What if it had been your child, Cate Blanchett? Louis CK? Alec Baldwin? What if it had been you, Emma Stone? Or you, Scarlett Johansson? You knew me when I was a little girl, Diane Keaton. Have you forgotten me?
Woody Allen is a living testament to the way our society fails the survivors of sexual assault and abuse.
So imagine your seven-year-old daughter being led into an attic by Woody Allen. Imagine she spends a lifetime stricken with nausea at the mention of his name. Imagine a world that celebrates her tormenter.
Are you imagining that? Now, what’s your favorite Woody Allen movie?
-- An Open Letter From Dylan Farrow, by Dylan Farrow
The incident in the attic was not the first time Allen touched her, she said, though she does not give a time frame for how long the alleged abuse went on. She only goes as far as saying that, "for as long as I could remember, my father had been doing things to me that I did not like. ... These things happened so often, so routinely, so skillfully hidden from a mother that would have protected me had she known, that I thought it was normal. I thought this was how fathers doted on their daughters. But what he did to me in the attic felt different. I couldn't keep the secret anymore."
At that point, she told Farrow, who left Allen that same year after the news broke of his relationship with Soon-Yi Previn, the 19-year-old daughter she had adopted with husband Andre Previn. (Allen and Soon-Yi married in 1997 and have two adopted daughters, Bechet and Menzie.)
A custody battle over their adopted children ensued and Allen's attorneys alleged that her mother encouraged her to make up the abuse allegations.
In September 1993, Connecticut state attorney Frank Maco declined to prosecute Allen, saying that while he had probable cause, he did not wish to inflict any further anguish on Dylan by making her testify.
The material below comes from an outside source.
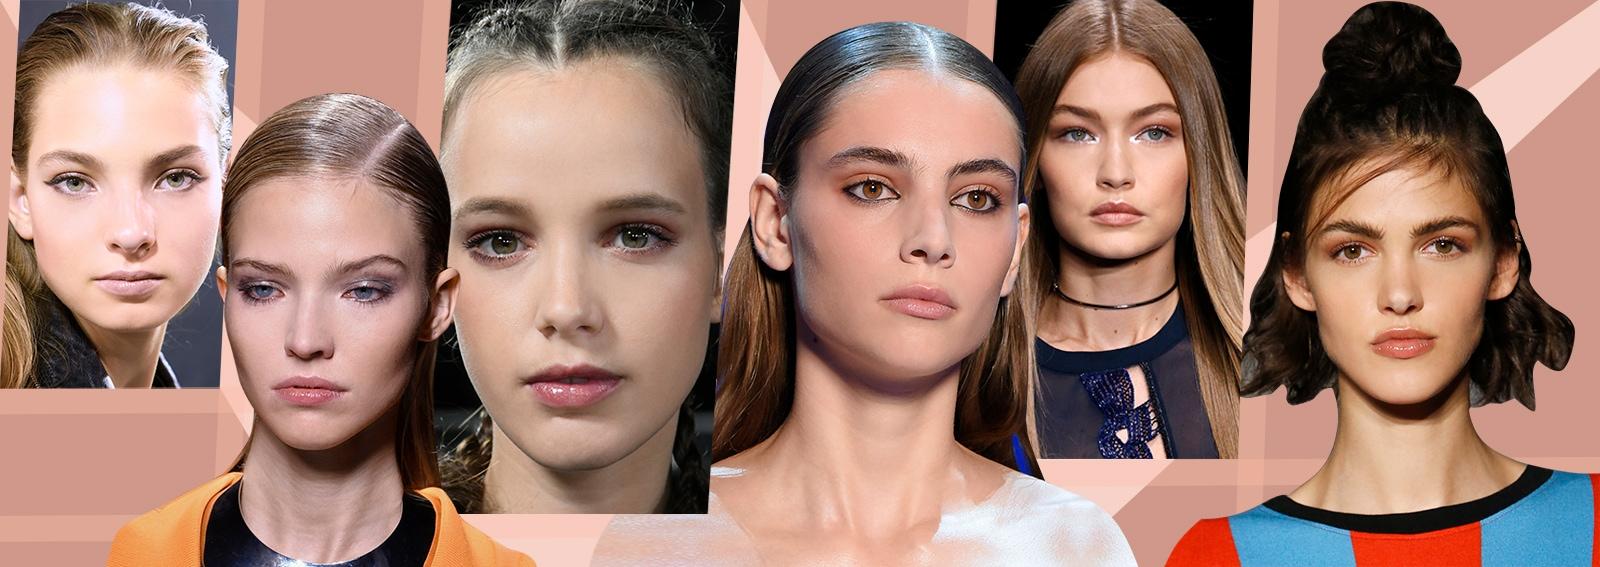 Make up nude i migliori beauty look per la Primavera-Estate 2017-desktop

Farrow won custody of their adopted children and Allen was denied visitation rights.
"That he got away with what he did to me haunted me as I grew up," Dylan writes. "I was stricken with guilt that I had allowed him to be near other little girls. I was terrified of being touched by men. I developed an eating disorder. I began cutting myself. That torment was made worse by Hollywood. All but a precious few (my heroes) turned a blind eye. Most found it easier to accept the ambiguity, to say, 'who can say what happened,' to pretend that nothing was wrong. ... For so long, Woody Allen's acceptance silenced me. It felt like a personal rebuke, like the awards and accolades were a way to tell me to shut up and go away."
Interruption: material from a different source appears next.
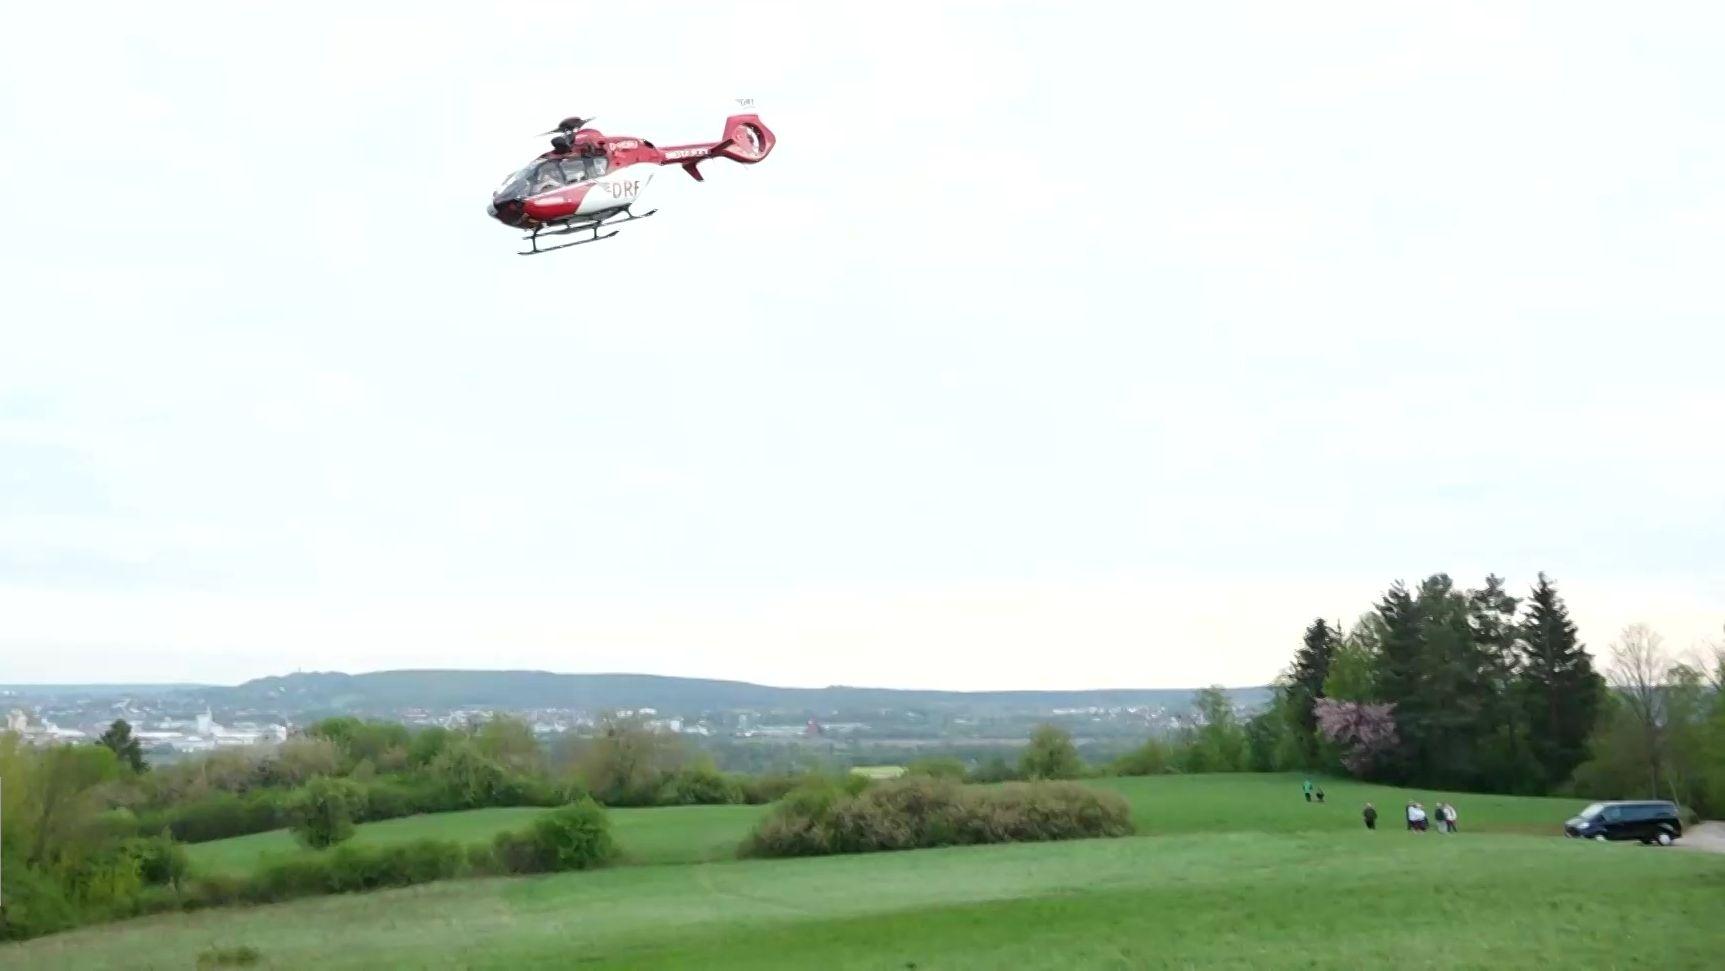 Ein rot-weißer Rettungshubschrauber fliegt über einer Wiese

But this award season, Dylan says she felt differently. "This time, I refuse to fall apart. ... Today, I consider myself lucky. I am happily married. I have the support of my amazing brothers and sisters. I have a mother who found within herself a well of fortitude that saved us from the chaos a predator brought into our home."
Why is all of this coming back up now? The Farrow family's feelings toward Allen have been stirred up by the award season attention being paid to him, including the Cecil B. DeMille lifetime achievement award at January's Golden Globes and his Oscar nomination for best original screenplay for Blue Jasmine.
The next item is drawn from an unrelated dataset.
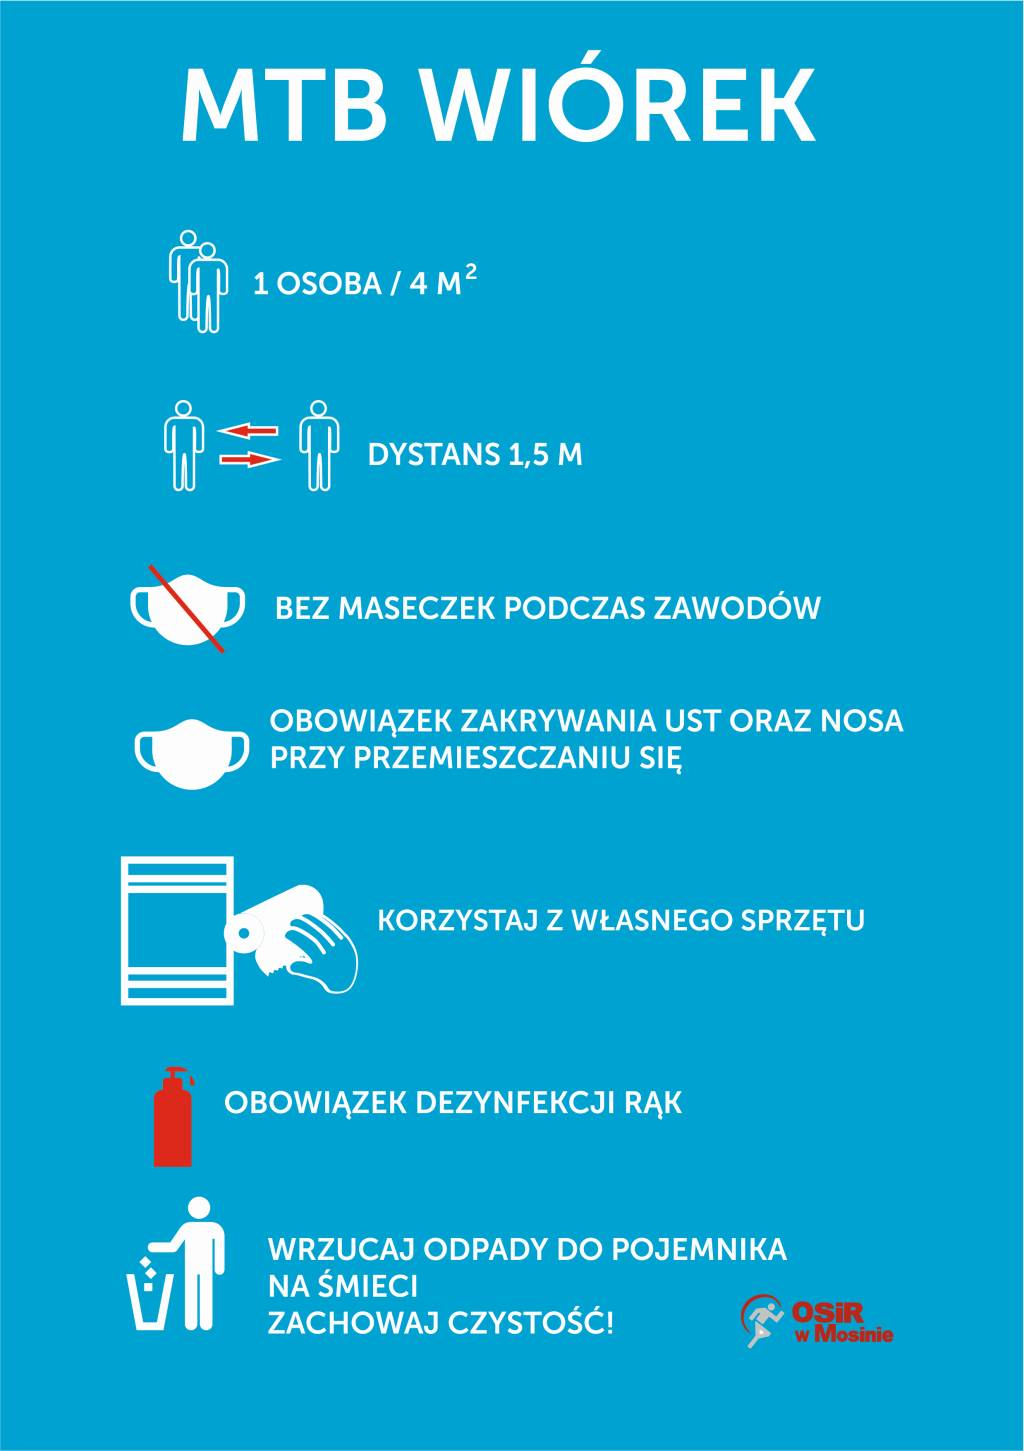 Zasady bezpieczeństwa podczas MTB Wiórek

"Imagine your 7-year-old daughter being led into an attic by Woody Allen," she commands the reader. "Imagine she spends a lifetime stricken with nausea at the mention of his name. Imagine a world that celebrates her tormentor."
She drives her point home by calling out the stars of his films. "What if it had been your child, Cate Blanchett? Louis C.K.? Alec Baldwin? What if it had been you, Emma Stone? Or you, Scarlett Johansson? You knew me when I was a little girl, Diane Keaton. Have you forgotten me?"